Problem :
Let $n$ be a natural number then for all $n\geq 2$ prove the following inequality :
$\log_{n}(2)\log_{n}(4)\log_{n}(6)...\log_{n}(2n-2)\leq 1$
I see the help say use :
$\sqrt ab\leq \frac{a+b}{2}$
$\log_{n}(2)\log_{n}(4)≤\frac{\ln 4+\ln 2}{2\ln n}$
But I don't know how I use this help ?
I would like see other method
On
You can use GM-AM and the concavity of $\log_n(x)$ (Jensen's inequality - concave case)

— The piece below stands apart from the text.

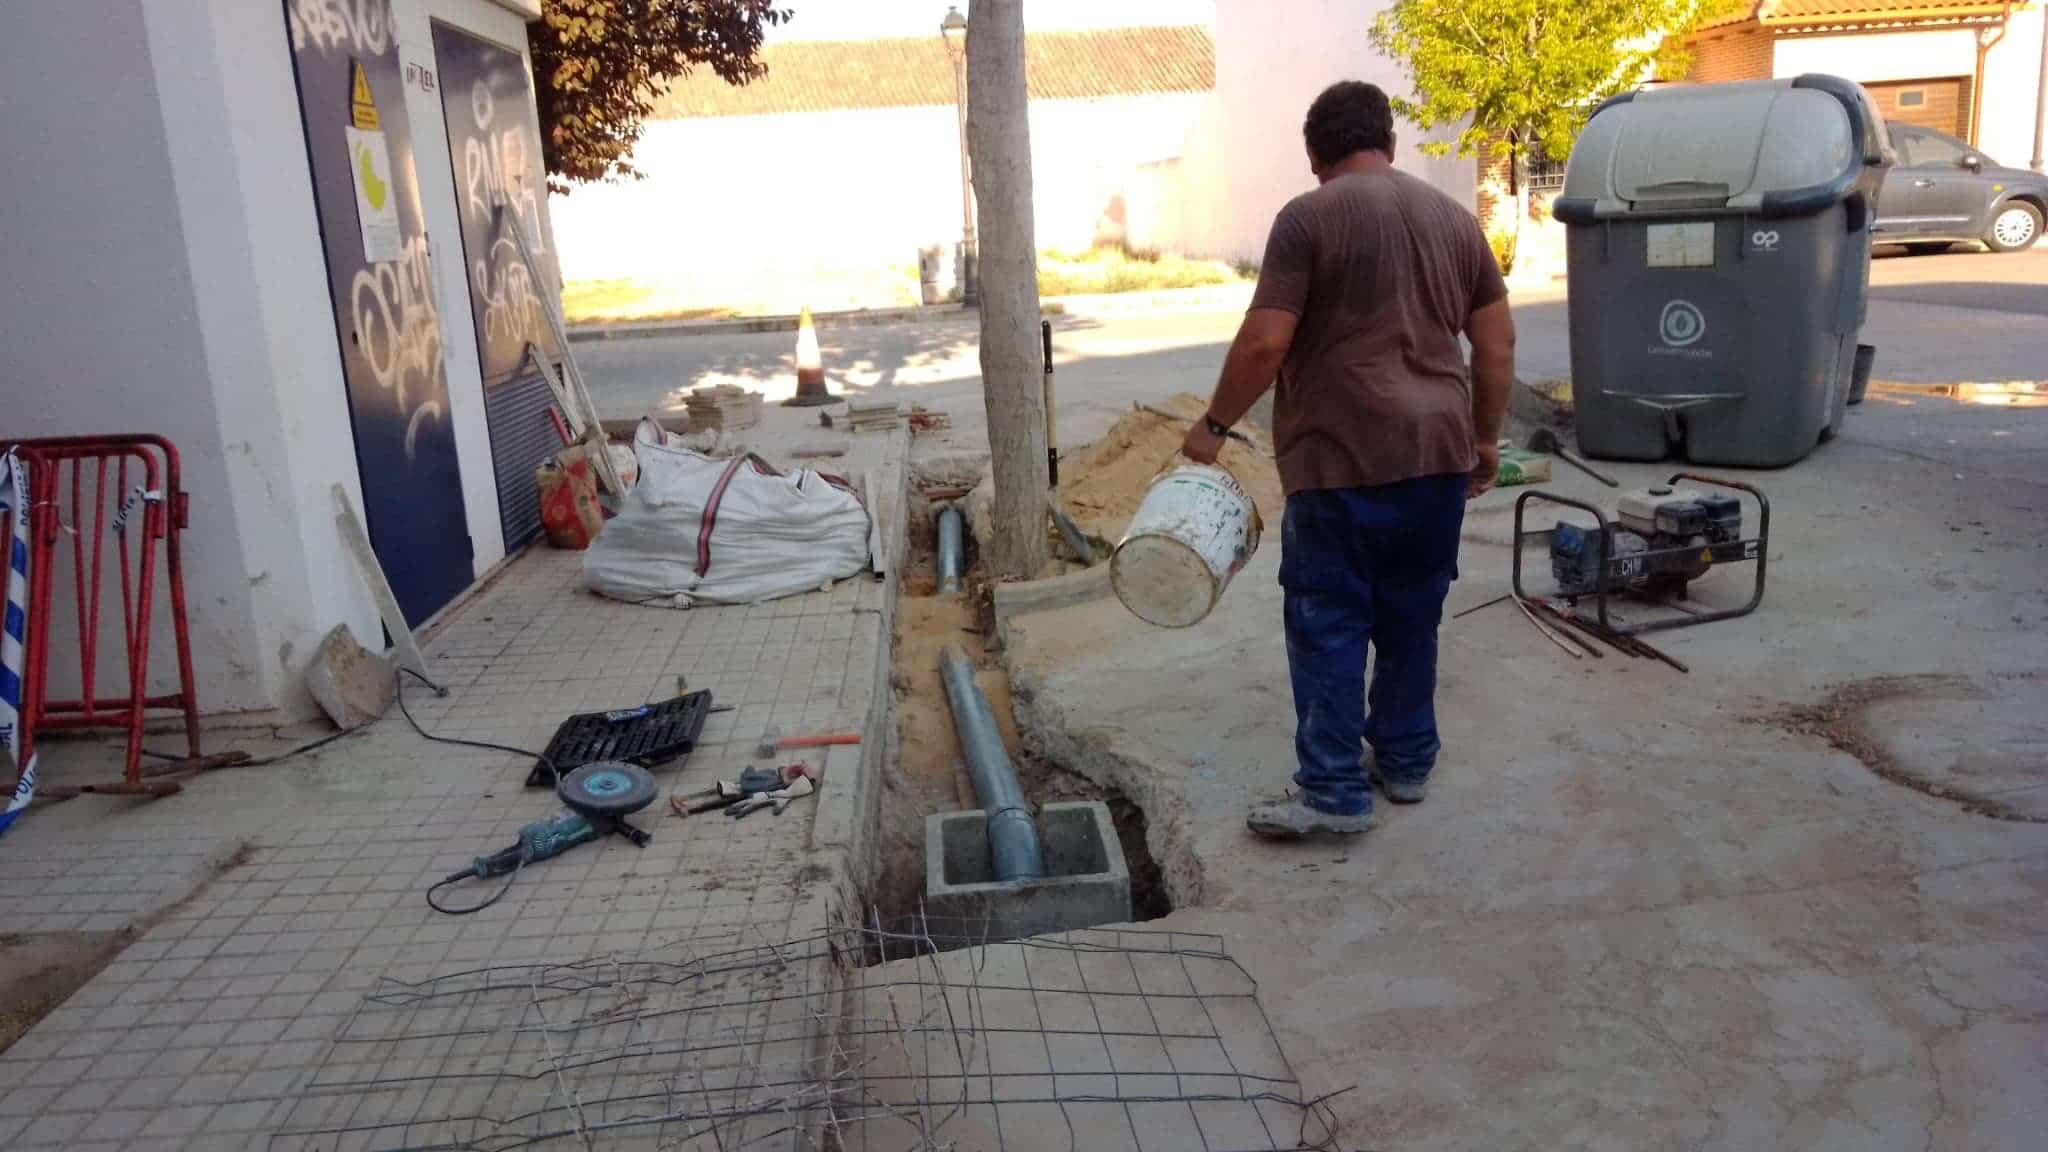 reparando averia agua emaser herencia - Herencia continua realizando mejoras, limpiezas y recogiendo residuos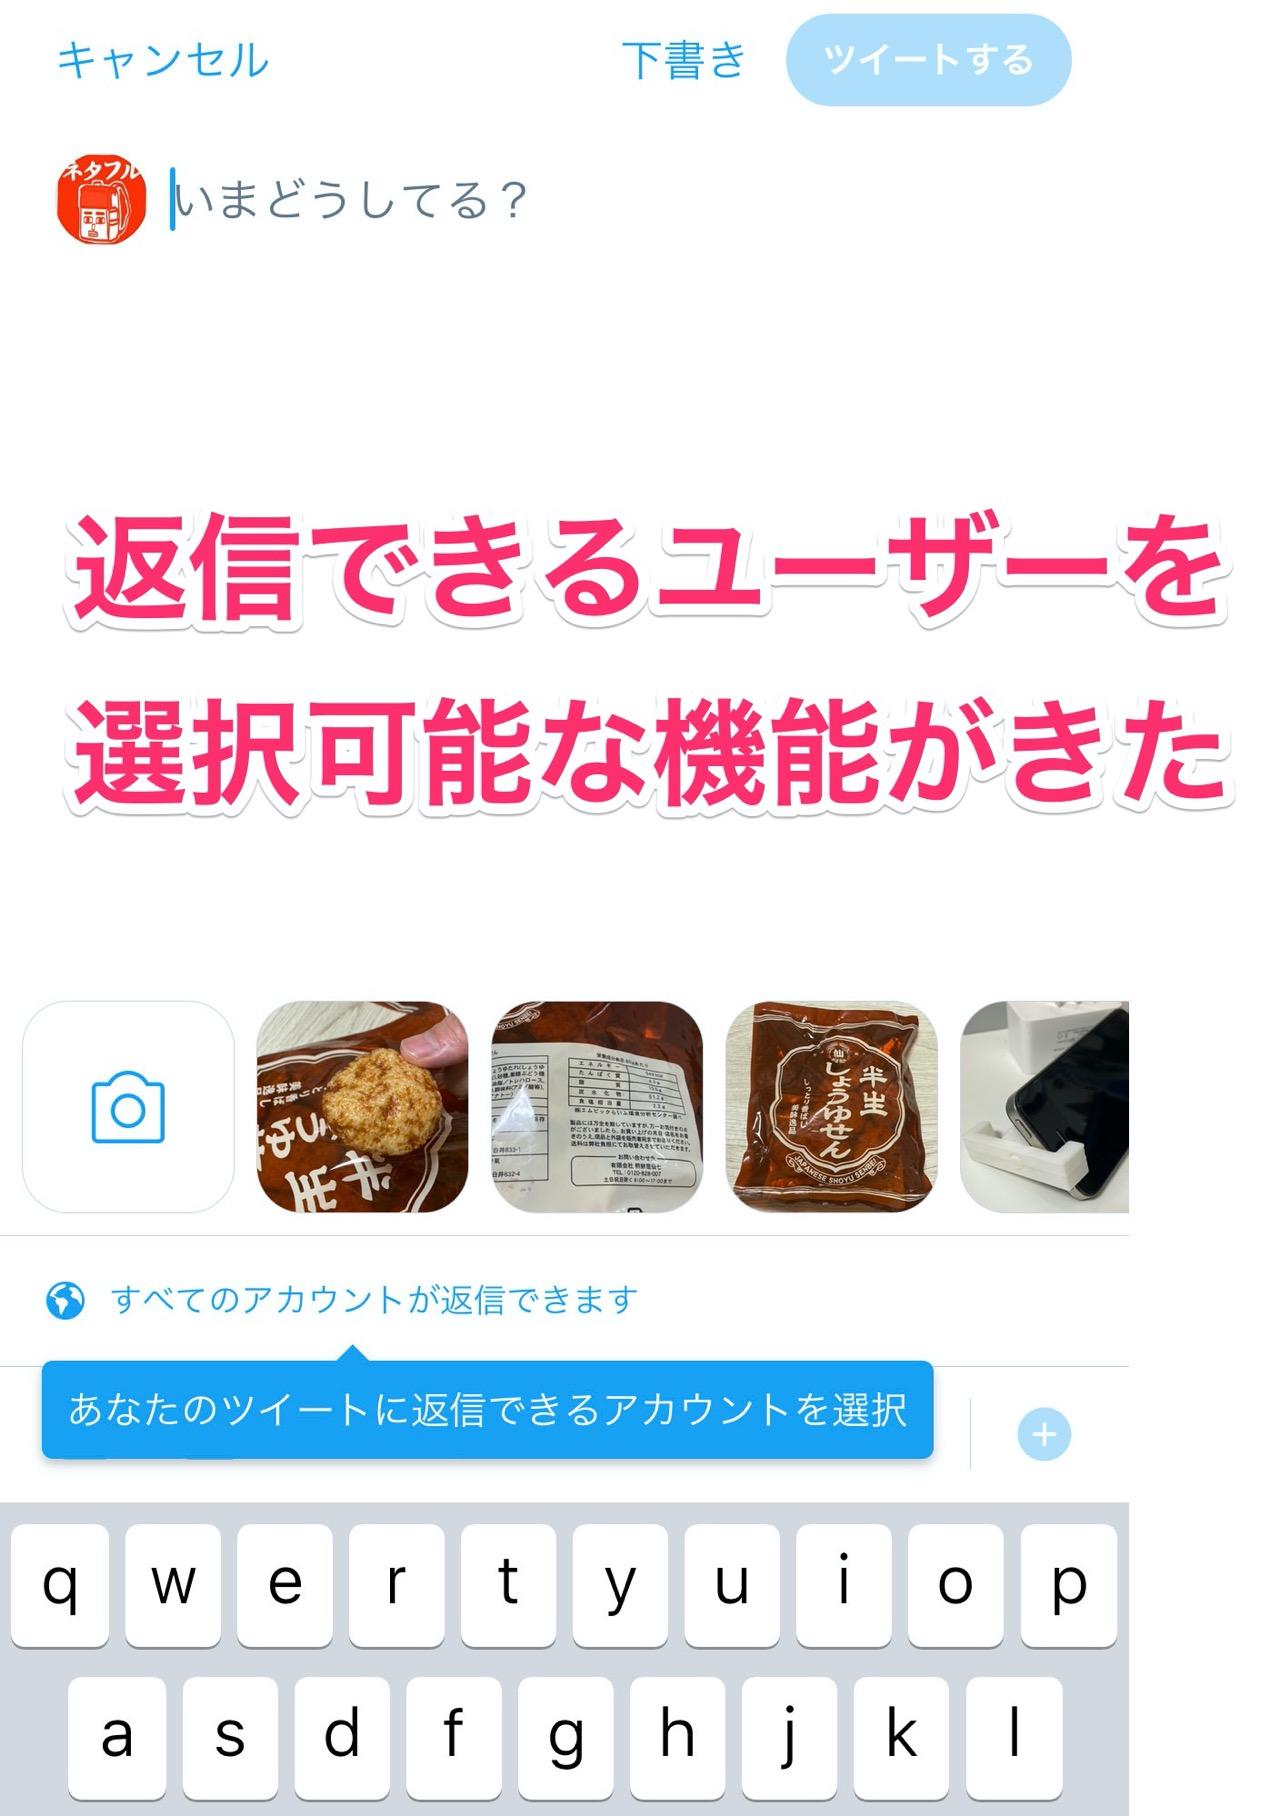 【Twitter】正式リリースされていた「ツイートに返信できるユーザーを選択する機能」がやってきた

\begin{eqnarray*}\sqrt[n]{1\cdot\prod_{k=1}^{n-1}\log_n 2k} & \stackrel{GM-AM}{\leq} & \frac{\overbrace{1}^{=\log_n n}+\sum_{k=1}^{n-1}\log_n 2k}{n} \\ & \stackrel{\log_n \; concave}{\leq} & \log_n\left(\frac{n+\sum_{k=1}^{n-1}2k }{n}\right) \\ & = & \log_n\left(1+ (n-1)\right) = 1 \end{eqnarray*}
As has been noted, $\log_nx=\frac{\ln x}{\ln n}$. The trick is to first rearrange the desired result to$$\frac{1}{n-1}\sum_{k=1}^{n-1}\ln\ln(2k)\le\ln\ln n.$$Notice $n-1$ the arguments $2,\,\cdots,\,2n-2$ of $\ln\ln x$ on the left-hand side have arithmeti mean $n$. So we can then use Jensen's inequality for concave functions: $\ln\ln x$ has second derivative $-\frac{1+\ln x}{x^2\ln^2x}$, which is negative for $x>\frac1e$.